Ribonuclease protection assay for mRNAs of type 1 (Th1) and type 2 (Th2) T helper cells and of proinflammatory cytokines. In control, the myocardial mRNA expression of cytokines was detected only for macrophage inhibitory factor (MIF) and interferon γ (IFN-γ). In myocarditis rats treated with vehicle, mRNAs of Th1 cytokines (such as interleukin (IL) -18), Th2 cytokines (such as IL-6), and proinflammatory cytokines (such as MIF, IFN-γ, IL-1β, and IL-1Ra) were greatly upregulated, and mRNA expression of IL-1α, IL-12p35, IL-12p40, and IL-10 was slightly upregulated compared with controls. Treatment with 15d-PGJ₂ and PIO greatly reduced the expression of cytokine mRNAs. L32 and glyceraldehyde-3-phosphate dehydrogenase (GAPDH) are housekeeping genes. A representative finding of three distinct experiments is shown.

Figure 4

Myocardial IL-1β and tumour necrosis factor α (TNF-α) protein expression by western blotting. (A) Western blot analysis. (B) Densitometric analysis of relative protein concentrations. In rats with myocarditis treated with PBS, IL-1β and TNF-α protein expression was greatly increased; 15d-PGJ₂ and PIO treatment decreased IL-1β and TNF-α protein expression. Values are derived from five animals and determined as the percentage of control values. *p < 0.01 v control; †p < 0.01 v vehicle.

Figure 5

Electrophoretic mobility shift assay for nuclear factor κB (NF-κB) and western blot analysis of inhibitor IκB (IκB) α in cytoplasmic fraction of myocardium. (A) Representative electrophoretic mobility shift assay of NF-κB activity in myocardium. Specificity was determined by addition of p65 antibody (supershift) or unlabelled (cold) NF-κB oligonucleotide to the myocardium. Four separate experiments yielded similar results. (B) Densitometric analysis of DNA binding activity in the region of NF-κB (p65) was quantified. In acute myocarditis, NF-κB was greatly activated (enhanced DNA binding activity by 5.6-fold versus normal controls).
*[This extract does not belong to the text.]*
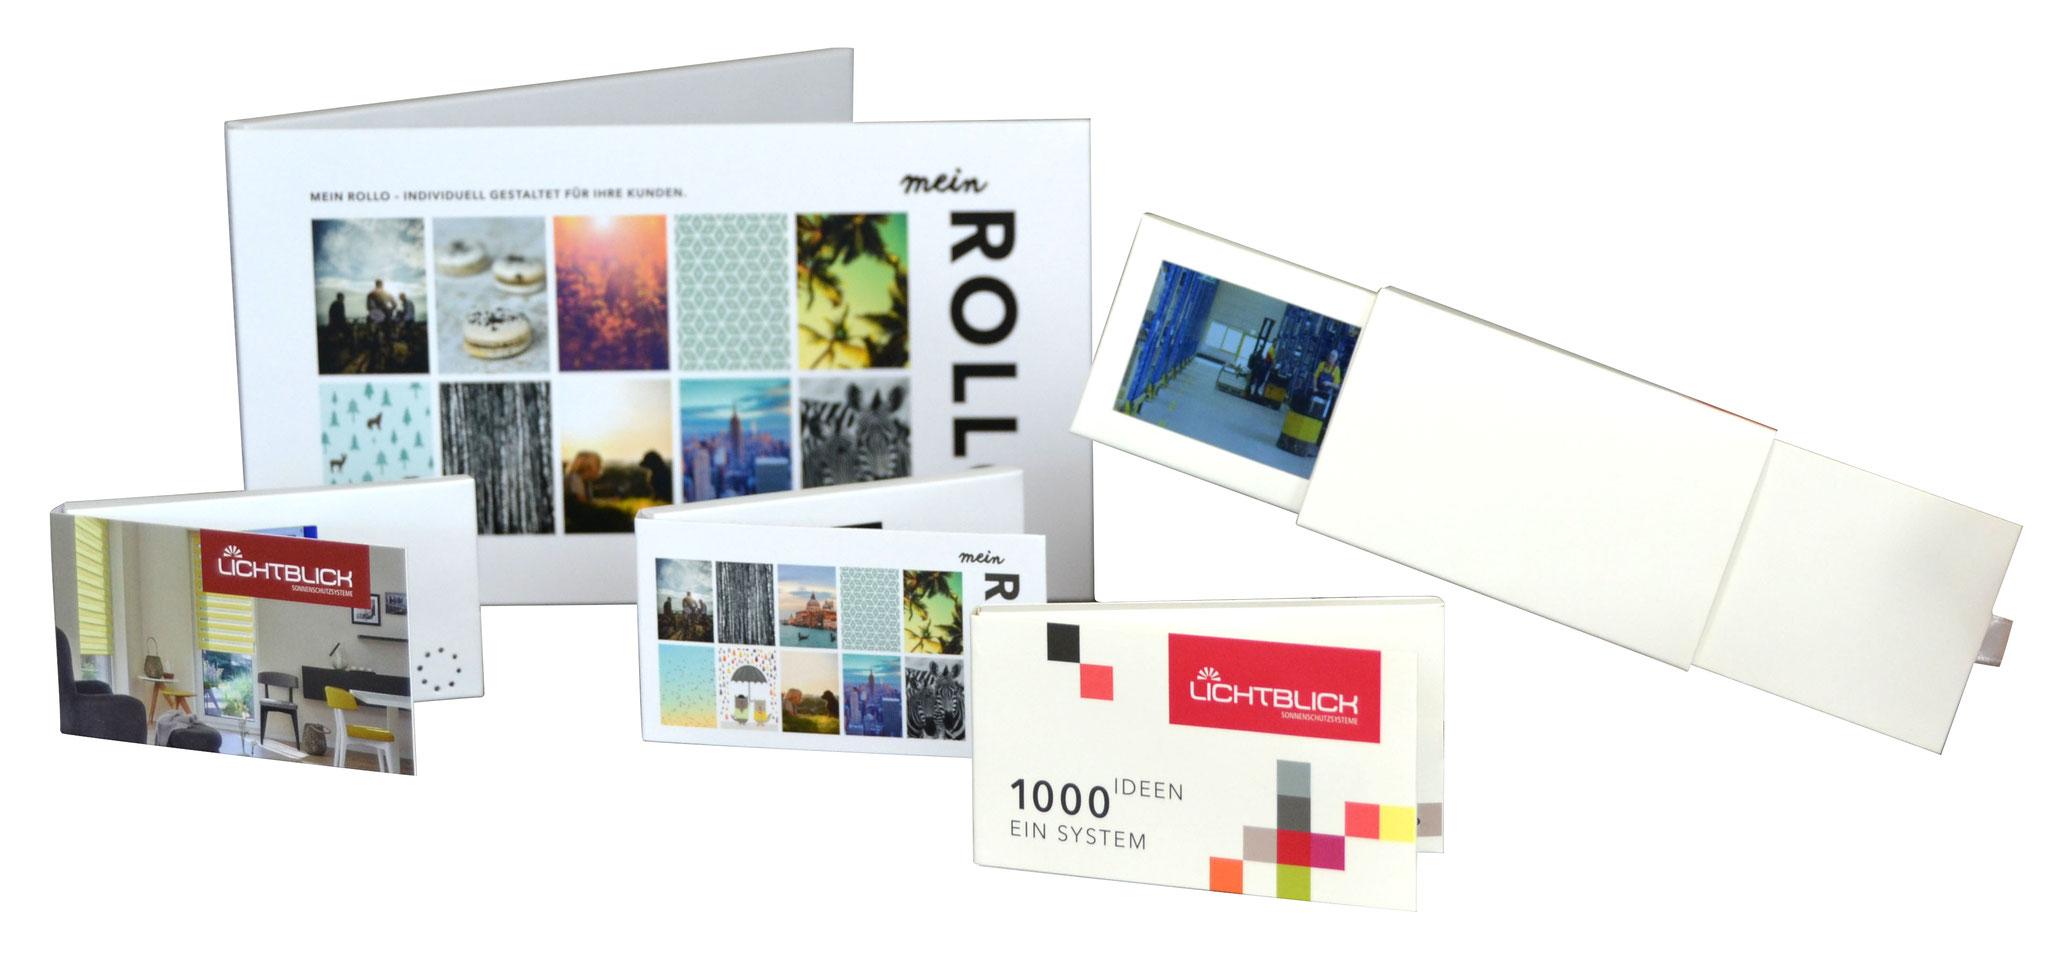 Videocards Lichtblick

This activation was inhibited in the 15d-PGJ₂ and PIO treated groups. (C) Representative western blots. (D) Densitometric analysis (n  =  5). IκBα concentration decreased greatly in the cytoplasmic and nuclear fractions in rats with EAM treated with PBS. Treatment with 15d-PGJ₂ and PIO enhanced the cytoplasmic concentrations of IκBα by 2.2-fold and 2.1-fold, and increased the nuclear concentrations of IκBα by 1.7-fold and 1.5-fold, respectively, versus myocarditis. * p < 0.01 v control; †p < 0.01 v myocarditis.